Director Andrew Black took some time from hectic last minute preparations to answer questions about this new production.

What can we expect?

“I don’t want to say too much. We intend to give the audience the full experience of a night in hell. It’s very entertaining but it’s not a comedy.”

The cast?

“I’ve never worked with them before. In fact, I’ve never seen or heard of any of them before the audition. ( . . .) They were exactly what I was looking for. I’ve never been so happy with a cast in my whole life. They were very open with trying new things. They were open with allowing vulnerability and emotion to come out on stage and that’s intricate to acting, whether it be, comedy, Shakespeare, a tragedy, a philosophical play or a farce. You have to bring the words to life. (. . . ) It comes from the energy of the emotion. This is a high energy play. It’s intense, intense, intense.”

Why ‘No Exit’?

“I saw it for the first time ten years ago and it’s always stuck in my head as a very intriguing concept: that at the end of our lives that this is it. This is all there is. The characters are in hell and there is no hope but there’s always something. There may be pain and suffering and struggling but there’s still something else. There is no God but there are others. God may be dead but there’s still plenty of humanity. (. . .) The reason I like this show so much is because it takes everyone’s preconception of hell and turns it on its head. It’s horrifying and a breath of fresh air at the same time.”

Why now?

“We’ve modernized it slightly but the whole point of the play is that it’s anytime. It’s not three hundred years from now. It’s not three hundred years ago. It’s anytime. It’s about humans trying to cope with themselves, trying to deal with their humanity.”

Final thoughts?

“It’s a great show to see if you’ve ever considered your death, your sins and how you are going to deal with them. At some point you have to come to grips with your life, with your soul. Everyone has to ask themselves are you going to be able to deal with your life when it’s said and done?”

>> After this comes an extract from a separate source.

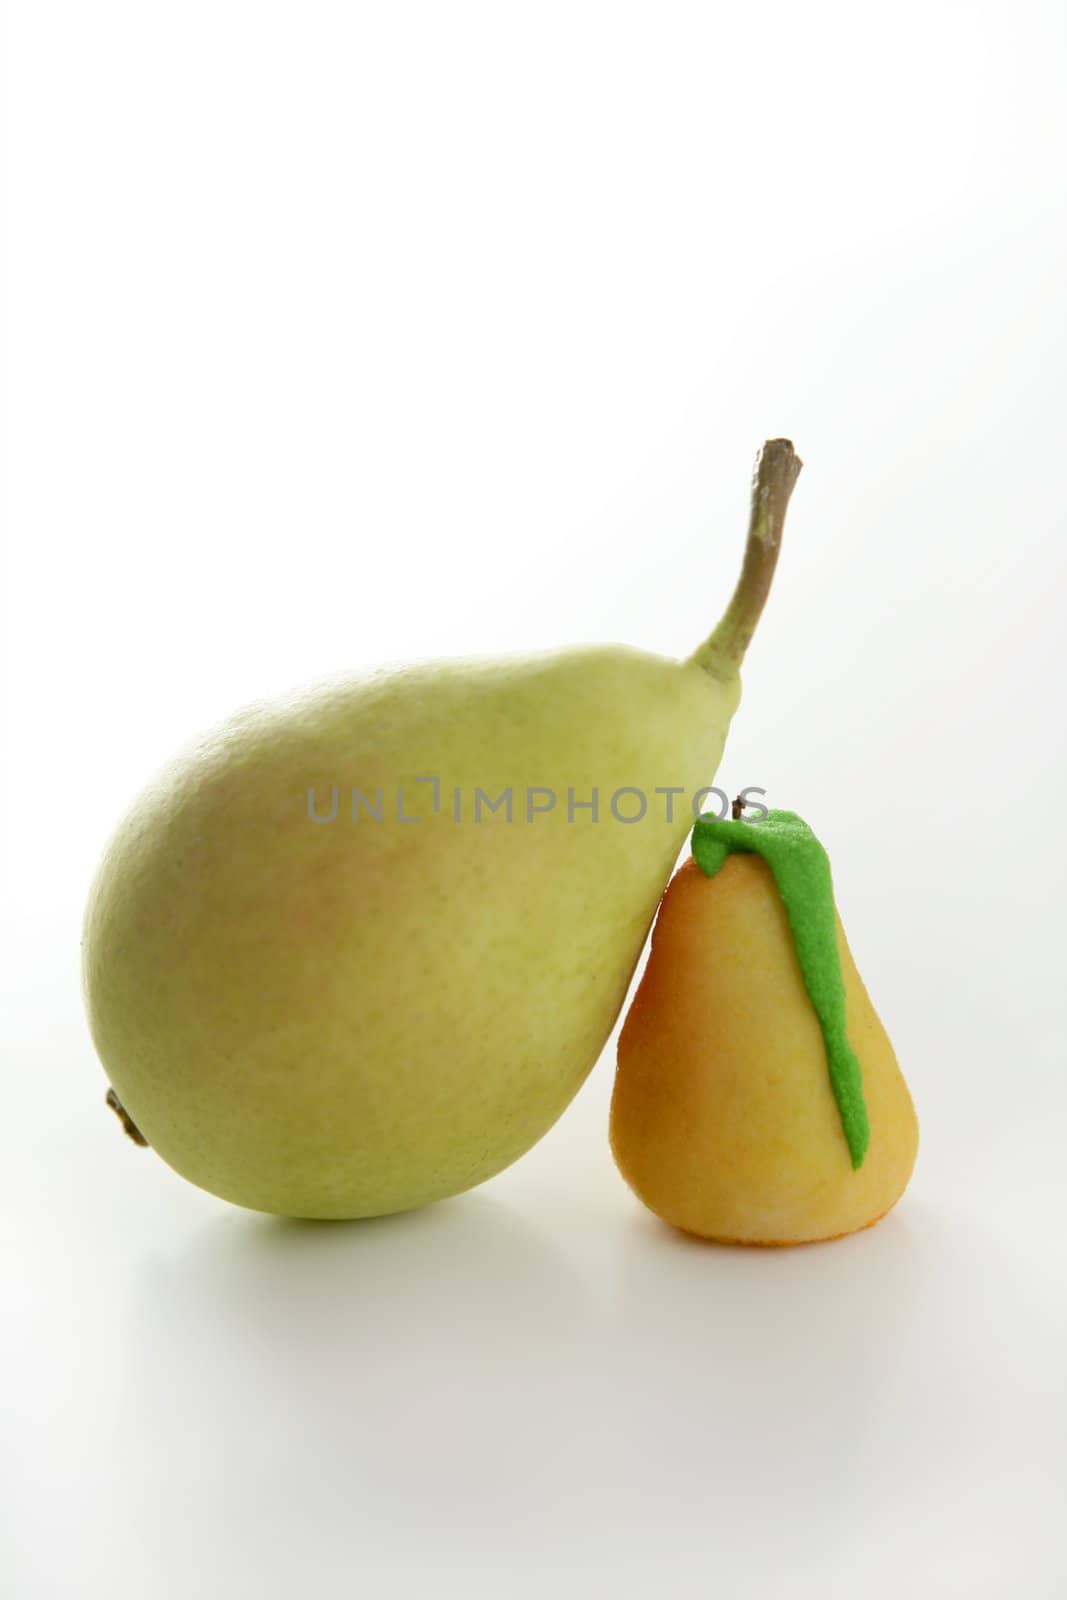 Pears over white background by lunamarina

No Exit plays at the Blue Theater at 916 Springdale Rd., behind the Goodwill warehouse (click for map). No Exit runs Thursdays through Sundays, July 1 to July 17. Sunday shows begin at 5 pm. All other shows are at 8 pm. For more information and tickets check out http://chaotictheatre.org/

Sunday, July 5, 2009

No Exit, Poison Apple Initiative at DOMY Books, June 19 - July 3





With a sort of purposeful negligence, I have long avoided some of the leading French writers of the twentieth century. Existentialism enjoyed a vogue both in literature and in philosophy when I was at university, but I didn't care for its dour aspects. Mine was a deliberately uninformed prejudice, the sort that is likely to perpetuate itself comfortably for a lifetime.

Less than a decade after that, we lived for two difficult years in Oran, Algeria, the scene of Camus' novel La Peste (The Plague). Abandoned by the French at Algeria's 1960 independence, Oran was a hollow, dirty ghost of its former snug glory, increasingly well suited to Camus' nihilistic 1947 novel and no inspiration to visit the grim literature of 1940s France.

So I was not familiar with Sartre's No Exit, other than for its famous tag line, "L'enfer, c'est les autres" -- usually translated without grace as "Hell is other people." Given Sartre's ideas and the context of the play, a better version might be something along the lines of "Hell's greatest torture is that of dealing with other individuals."

Bastion Carboni and his Poison Apple Initiative staged the play at DOMY books on east César Chávez Street. I was unexpectedly able to slip into one of the back rows for their final performance on July 3.